El griego Plutarco (46-127 d.C.) cuenta que debido a los plausores pagados, por ejemplo, Filemón de Siracusa (361-263 a.C.) logró superar varias veces al famoso Menandro (342-291 a.C.) en las representaciones teatrales, no necesariamente porque lo superara en lo dramatúrgico.

La física de las palmas

Pero la ciencia, esta vez la Física, ha descubierto rasgos más que misteriosos de esta acción social. Los autores de un artículo sobre el aplauso publicado hace varios años en Nature apuntaban que se alternan en períodos en los que la ovación es una suma incoherente de palmas junto con otros períodos en los que el público aplaude de forma rítmica y sincronizada, y comprobaron que en el aplauso sincronizado la frecuencia de las palmas de cada espectador es la mitad que en el aplauso incoherente.

La dinámica del aplauso grupal quedaba resumida: en el comienzo de la ovación la mayoría de los aplausos son entusiastas y la sincronización no es posible; pero pasados unos diez segundos los espectadores reducen a la mitad su frecuencia de aplauso y comienza un período de sincronización. Si usted es amante del ballet, no dejará mentir a estos científicos.

El periodista Juan Manuel Rodríguez Parrondo lo explicaba así: «Imagínese al término de una obra que le ha gustado especialmente y aplauda tal y como lo haría en el teatro; cuente el número de palmas que da durante diez segundos y obtenga la frecuencia del aplauso; repita el experimento, pero imaginándose que se encuentra en la situación de aplauso sincronizado. Verá que la frecuencia en el segundo caso es aproximadamente la mitad que en el primero».

Este misterio de la duplicación de frecuencia y la sincronización de la ovación es un fenómeno muy extendido en la naturaleza y no hay una razón determinada para ella, pero sí se ha comprobado que a la naturaleza le gustan las oscilaciones periódicas.

Los ritmos del corazón, el ritmo menstrual, el balanceo de un columpio… Así, una persona tiende a aplaudir siempre con dos frecuencias, una doble de la otra, dependiendo de su entusiasmo. Pero en resumen, parece ser cierto que tenemos una atracción inconsciente al sincronizar nuestro aplauso con el resto del público.

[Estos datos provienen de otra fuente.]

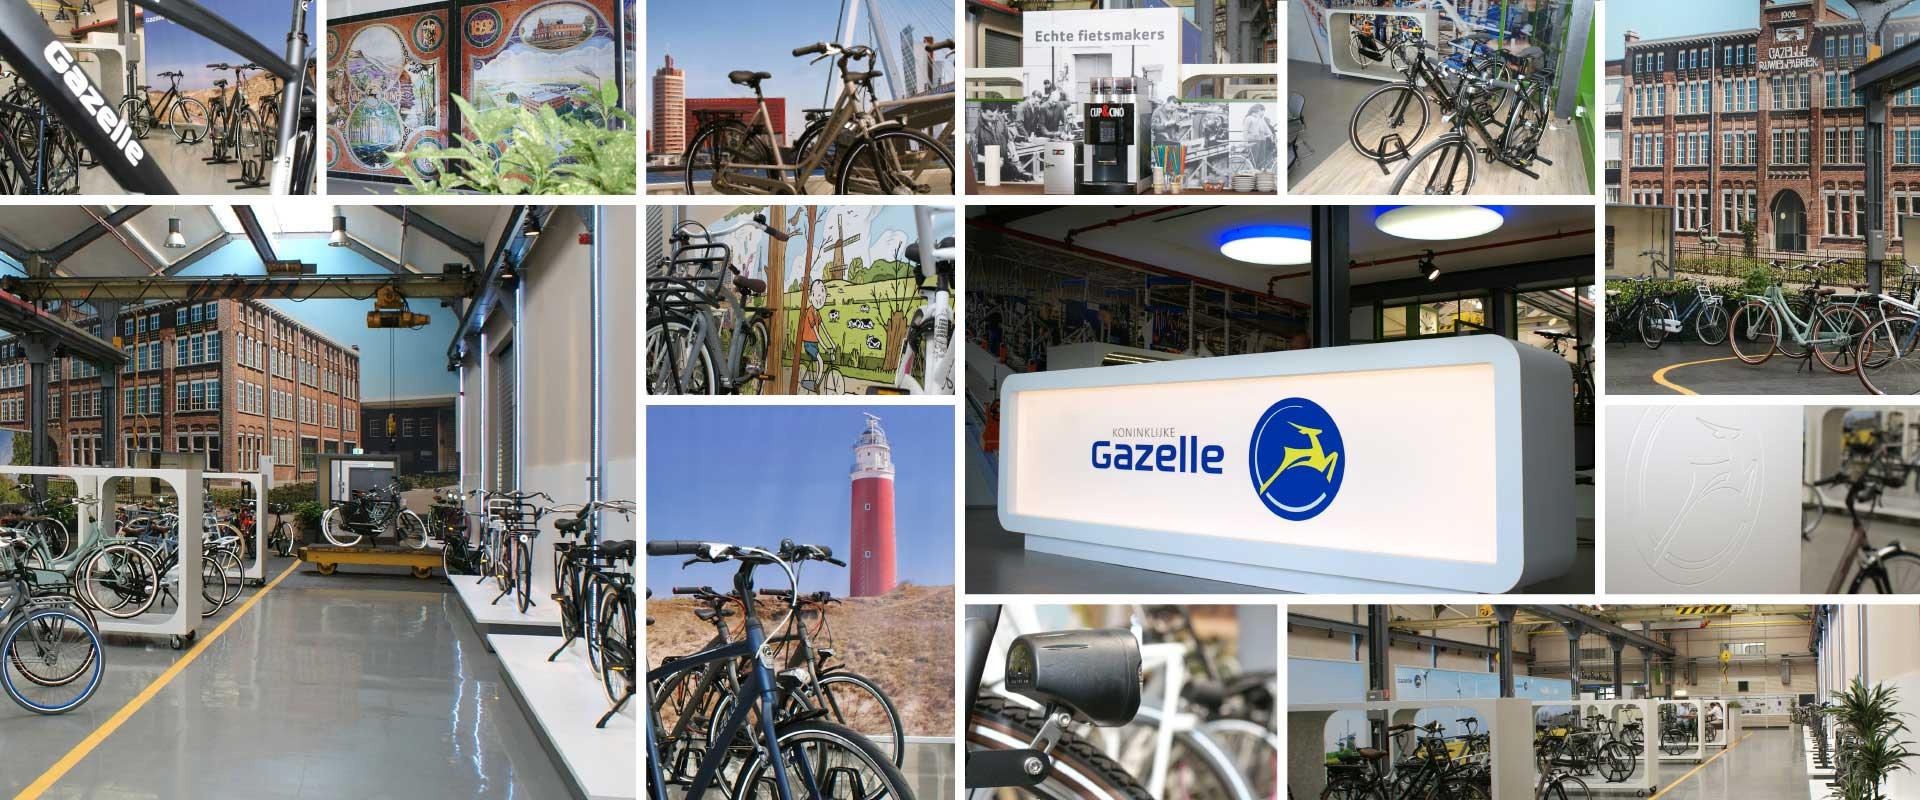 Gazelle Business- und Trainingscenter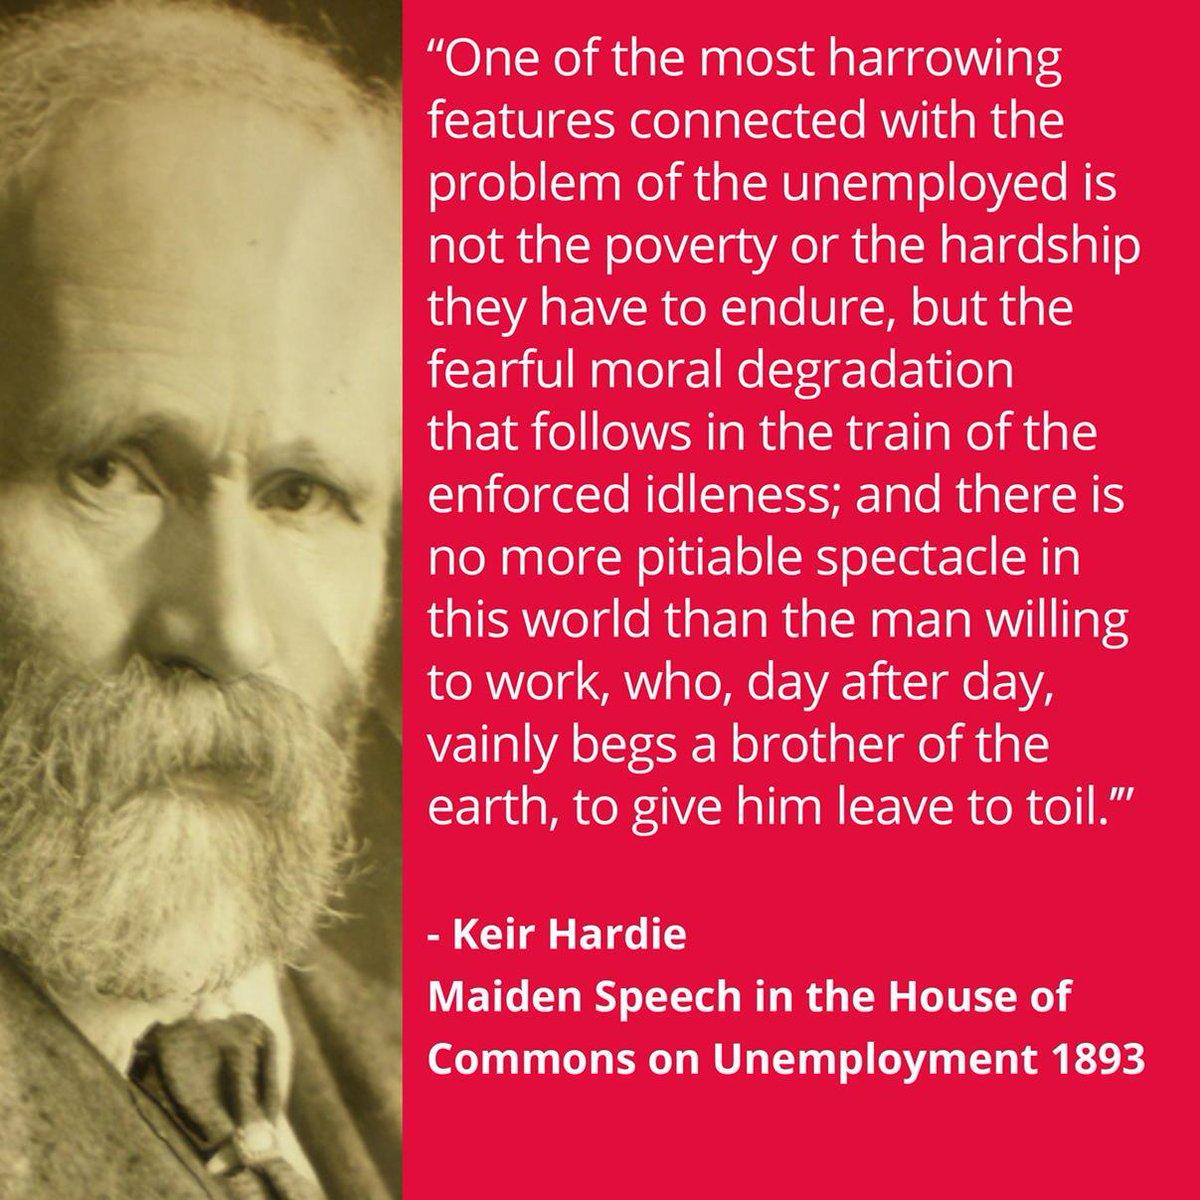 Keir Hardie maiden speech on unemployment #keirhardie100 http://t.co/d4OCywuqkD

¿Cuál de estas explicaciones científicas es la que ponemos en práctica cuando personas de varias regiones del mundo salen a sus balcones a ovacionar a sus doctores? Probablemente, la explicación sicológica de desear ser parte de algo, de comunicarnos con actores que no podemos palmear en la espalda, esta vez, los mejores actores y actrices: todo el personal sanitario que cada día se pone en línea de batalla contra el virus que nos azota. Para compensarnos, el sicólogo clínico español Juan Castilla nos asegura: «Es un gesto de un valor incalculable. No somos conscientes del impacto positivo que eso genera».